Middleton spent the 2007 season at University of Alabama before accepting a position under David Cutcliffe at Duke University. At Duke, he coached Ross Martin, Will Monday, and Cooper Helfet. After 5 years there, Middleton accepted a tight ends and assistant special teams coach position for the Jacksonville Jaguars. During his 8-year tenure, he worked under coaches Gus Bradley and Doug Marrone and coached players such as Marcedes Lewis, James O'Shaughnessy, and Clay Harbor. Marrone and his coaching staff were let go after the 2020 season. He then joined Robert Saleh's New York Jets staff. In Week 16 of the 2021 season, Middleton served as the acting Head Coach after Saleh tested positive for COVID-19. The Jets won over the Jacksonville Jaguars 26–21 on December 26. In New York, Middleton has worked with young players including Jeremy Ruckert, Tyler Conklin, C. J. Uzomah, and Ryan Griffin.

Middleton was the head coach at the 2022 Senior Bowl for the National Team, which included players such as Jesse Luketa, Boye Mafe, Perrion Winfrey, J. T. Woods, Rachaad White, and Abram Smith, when the Jets were chosen to be one of the coaching staffs for the game. They beat opposing coach Duce Staley's team 20–10. In May 2024, Middleton and Shawn Jefferson were invited to attend the NFL's coaching accelerator program at the league's spring meetings, which allowed them to meet with team owners.
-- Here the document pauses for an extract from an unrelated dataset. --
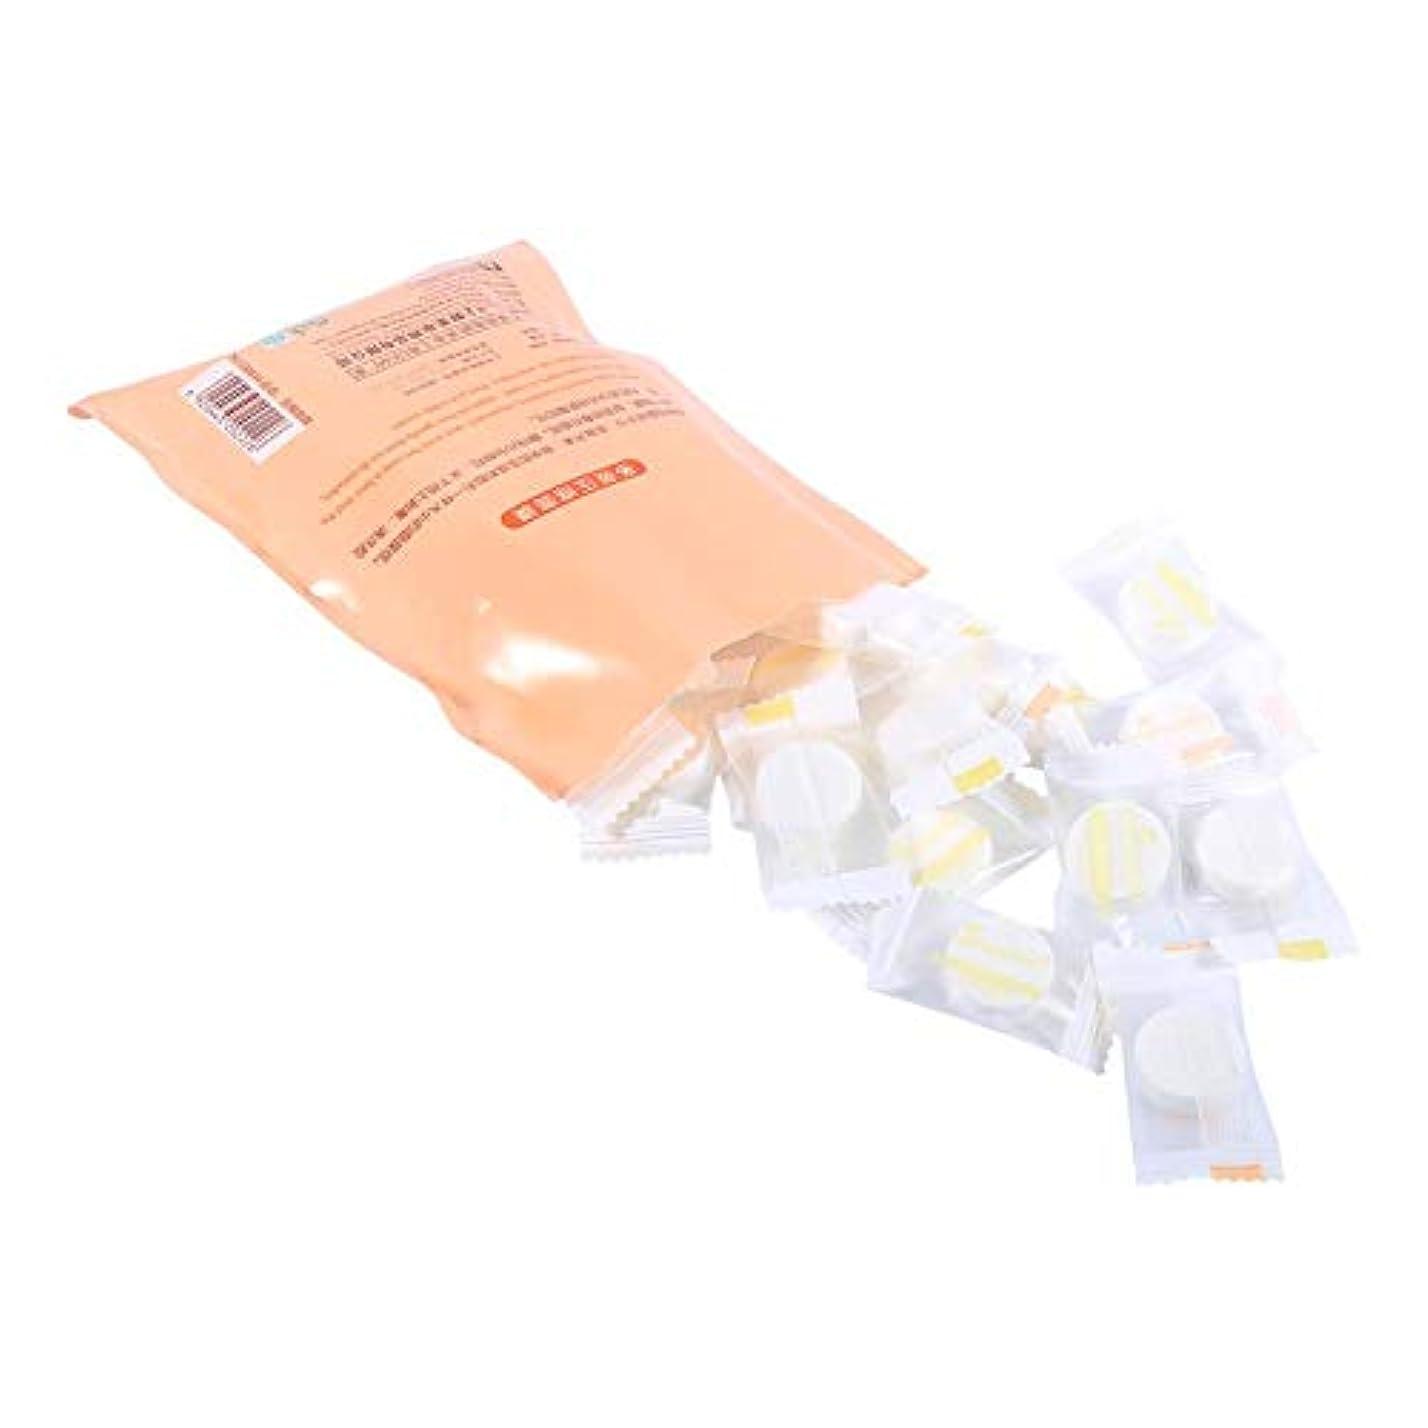 圧縮マスク、60/30/15ピース屋外旅行圧縮綿使い捨てマスクタブレット布ワイプ紙ティッシュフェイスケアdiyフェイシャルペーパーマスク(30個)
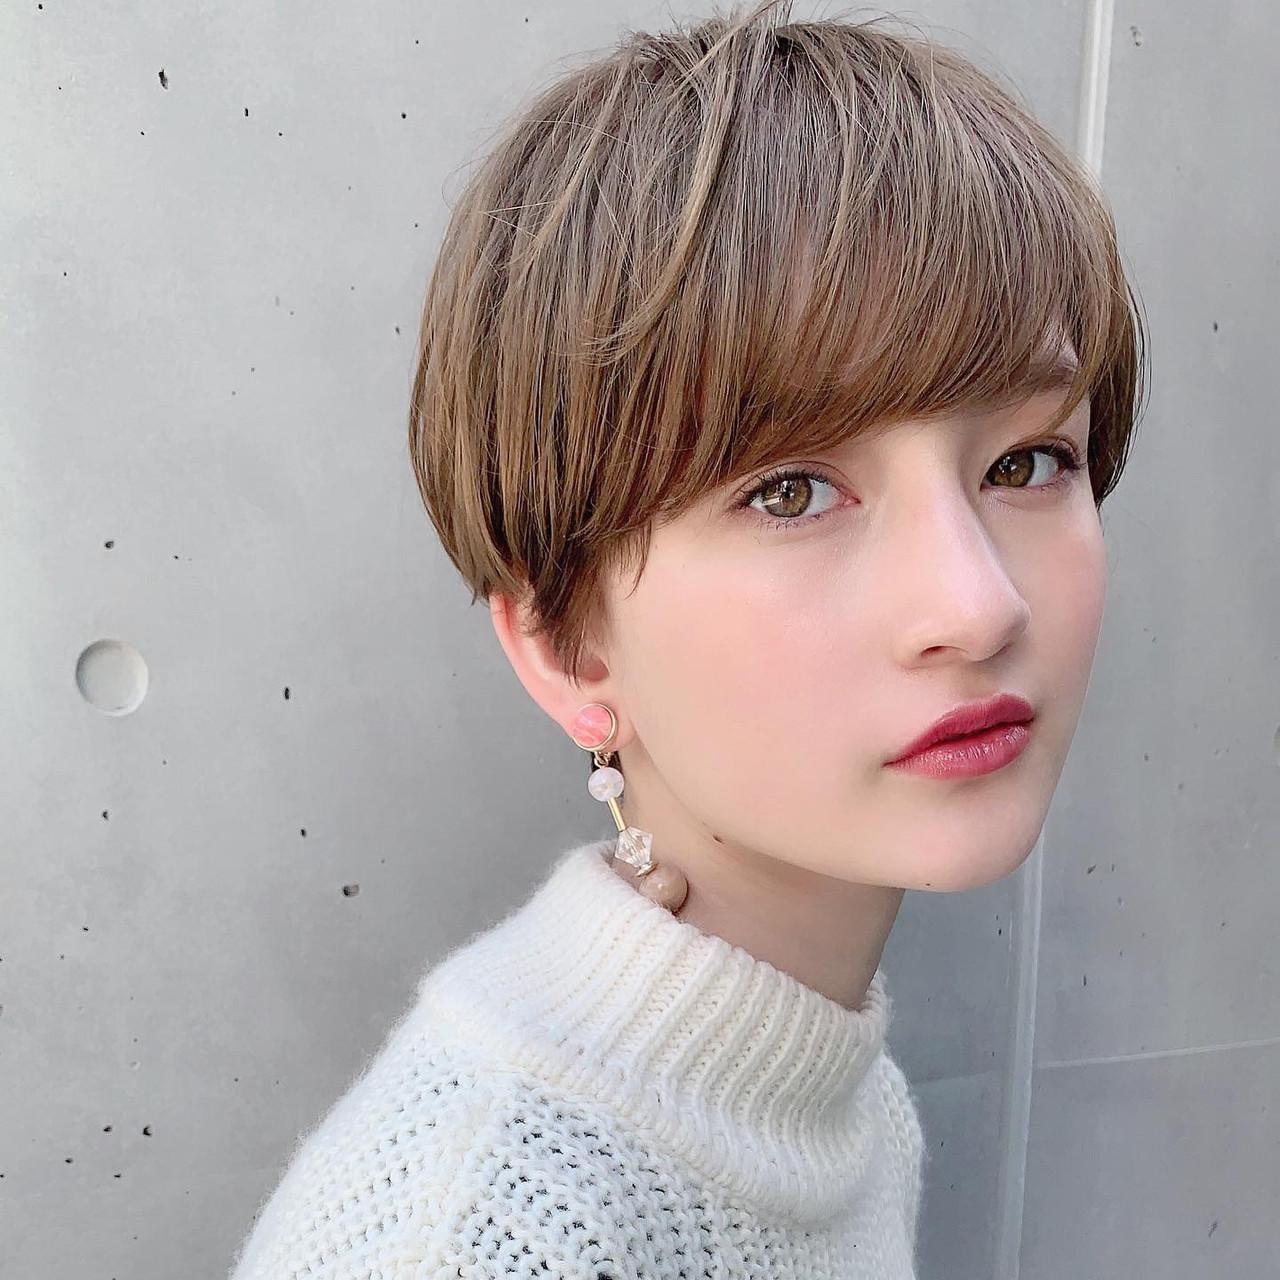 オフィス デート ヘアアレンジ パーマ ヘアスタイルや髪型の写真・画像

On January 29, 2025, Middleton and the Jets parted ways.

On February 13, 2026, the Miami Dolphins hired Middleton as their tight ends coach under new head coach Jeff Hafley.

==Personal life==
Middleton is married to Kalita and has four children, Desmon, Ron, Zaria, and Mariah. In 1998, he earned a Master's degree in sports and fitness management from Troy University. He was inducted into the Atmore Area Hall of Fame in 2013.